QoS-aware energy-efficient workload routing and server speed control policy in data centers: a robust queueing theoretic approach

TL;DR

This paper introduces a static workload routing and server speed control policy for data centers that achieves energy efficiency comparable to dynamic algorithms without requiring frequent communication, using a robust queueing theoretic approach.

Contribution

It proposes a static control policy based on robust queueing theory that matches dynamic algorithms' energy efficiency while reducing communication overhead.

Findings

Static policy achieves similar energy efficiency to dynamic algorithms.

The approach effectively estimates response time quantiles for QoS.

Numerical results confirm the policy's competitiveness.

Abstract

Operating cloud service infrastructures requires high energy efficiency while ensuring a satisfactory service level.

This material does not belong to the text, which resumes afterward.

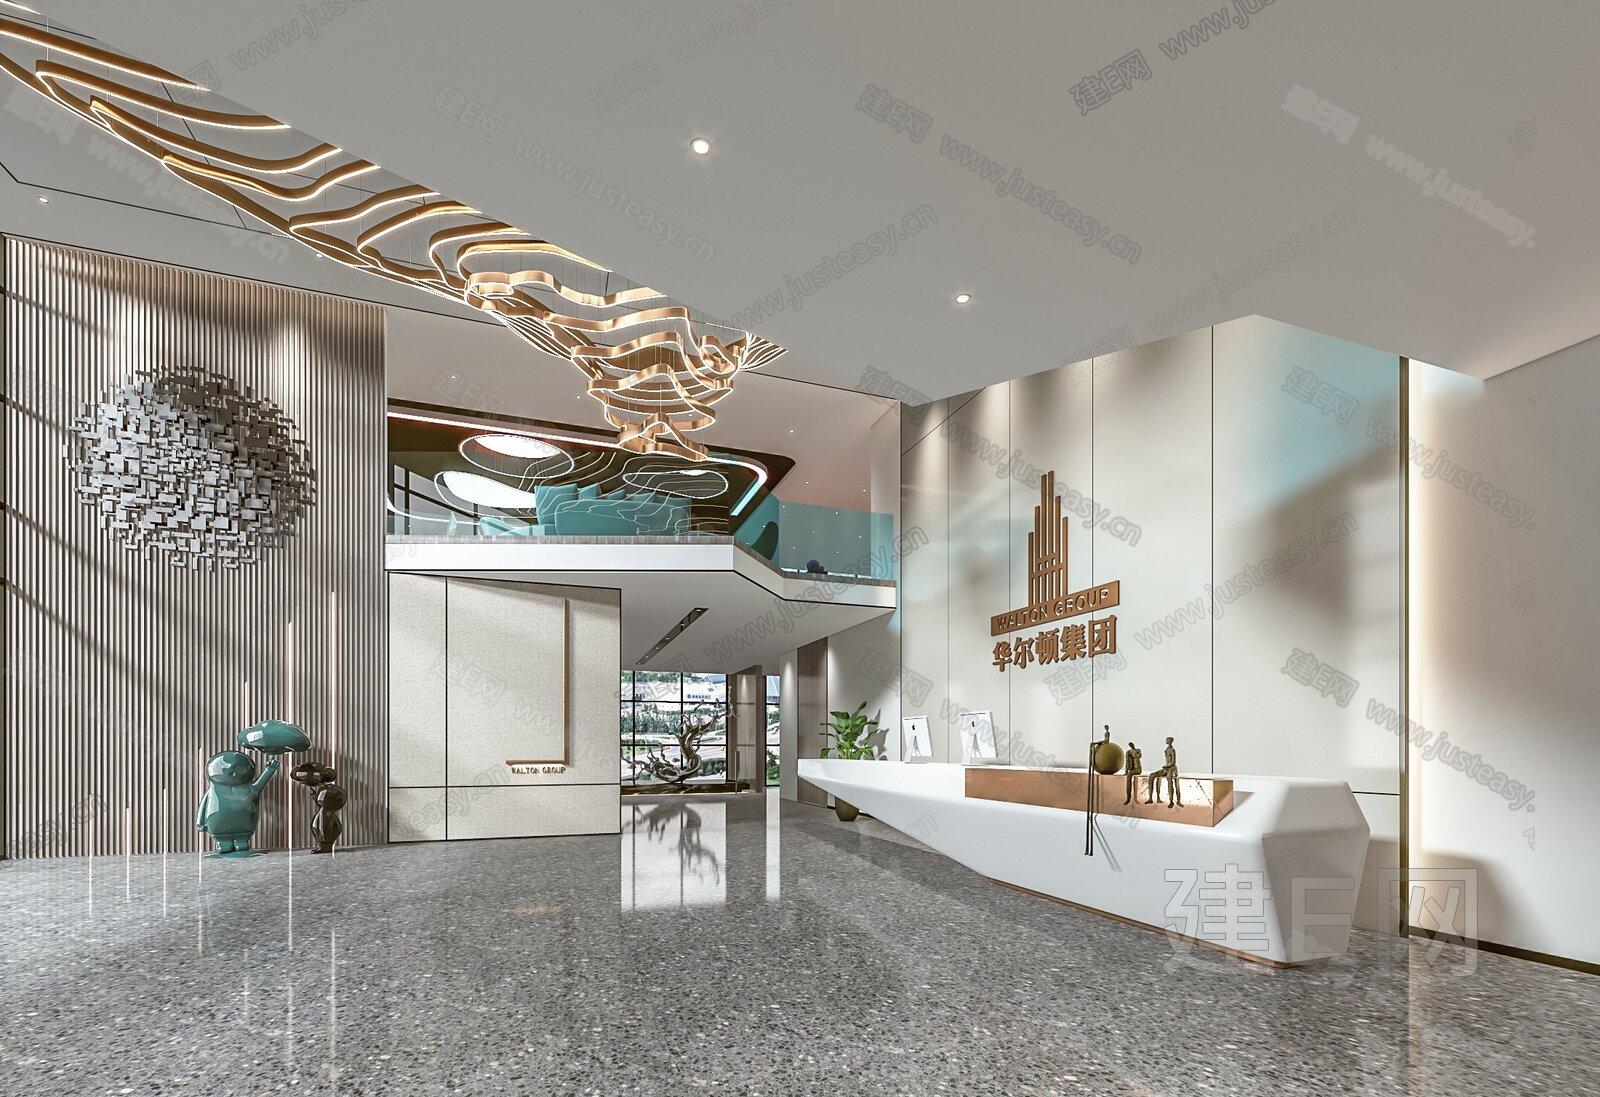 现代办公空间3d模型
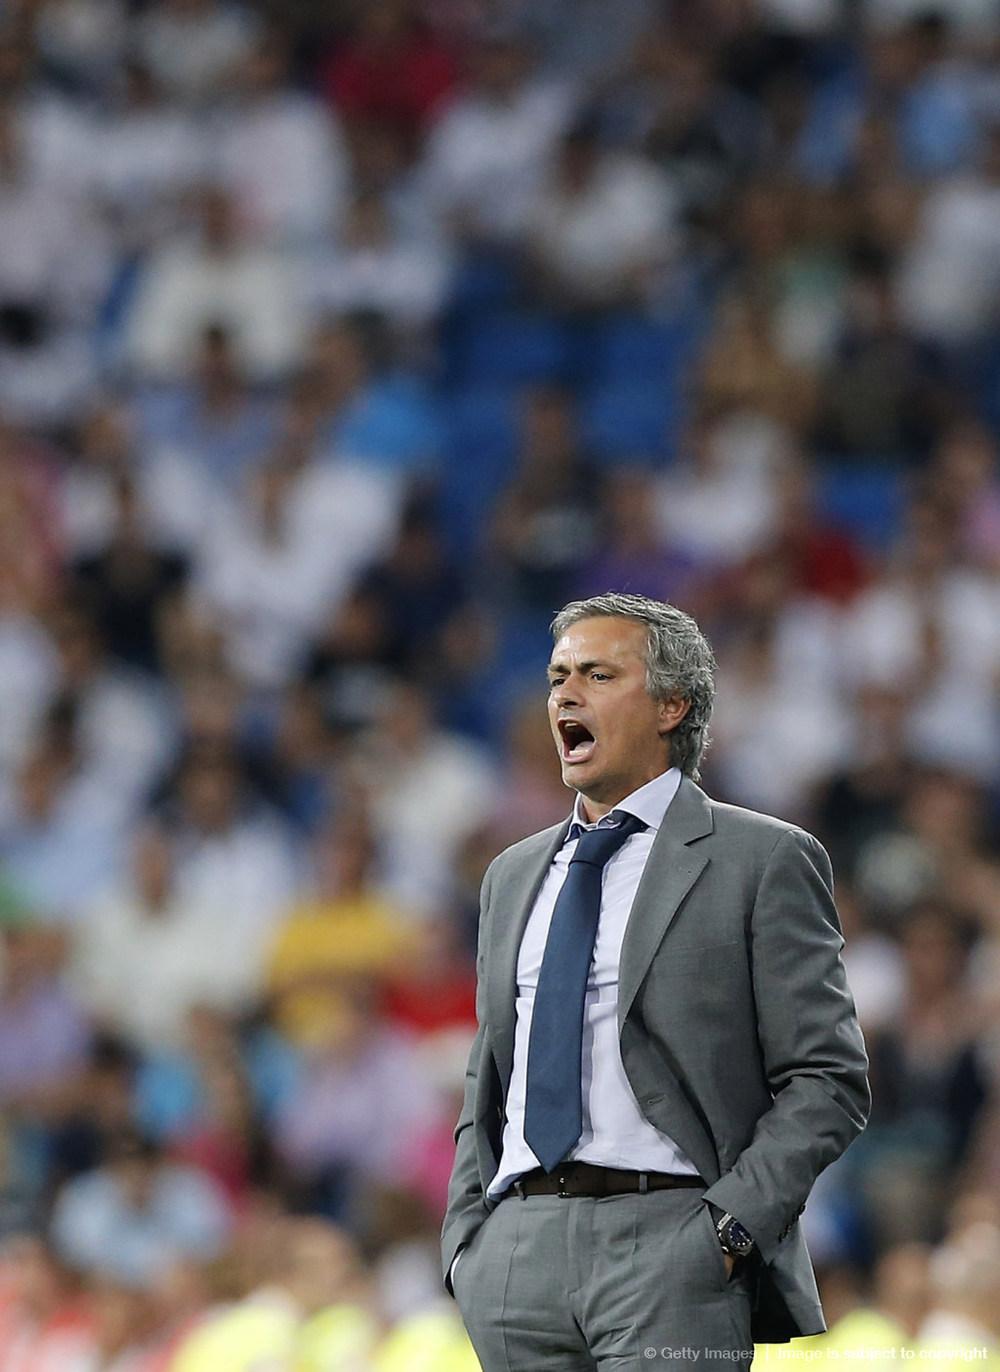 8# José Mourinho. Para muitos o maior técnico dos anos 2000, sendo vencedor no Porto, Chelsea, Inter de Milão e Real Madrid. Seu estilo elegante de se vestir, com belos ternos e combinações só não é mais marcante do que o seu estilo rabugento de dar entrevistas.

Motivated by data centers, we consider a workload routing and server speed control policy applicable to the system operating under fluctuating demands. Dynamic control algorithms are generally more energy-efficient than static ones. However, they often require frequent information exchanges between routers and servers, making the data centers' management hesitate to deploy these algorithms. This study presents a static routing and server speed control policy that could achieve energy efficiency similar to a dynamic algorithm and eliminate the necessity of frequent communication among resources. We take a robust queueing theoretic approach to response time constraints for the quality of service (QoS) conditions. Each server is modeled as a G/G/1 processor sharing queue, and the concept of uncertainty sets defines the domain of stochastic primitives. We derive an approximative upper bound of sojourn times from uncertainty sets and develop an approximative sojourn time quantile estimation method for QoS. Numerical experiments confirm the proposed static policy offers competitive solutions compared with the dynamic algorithm.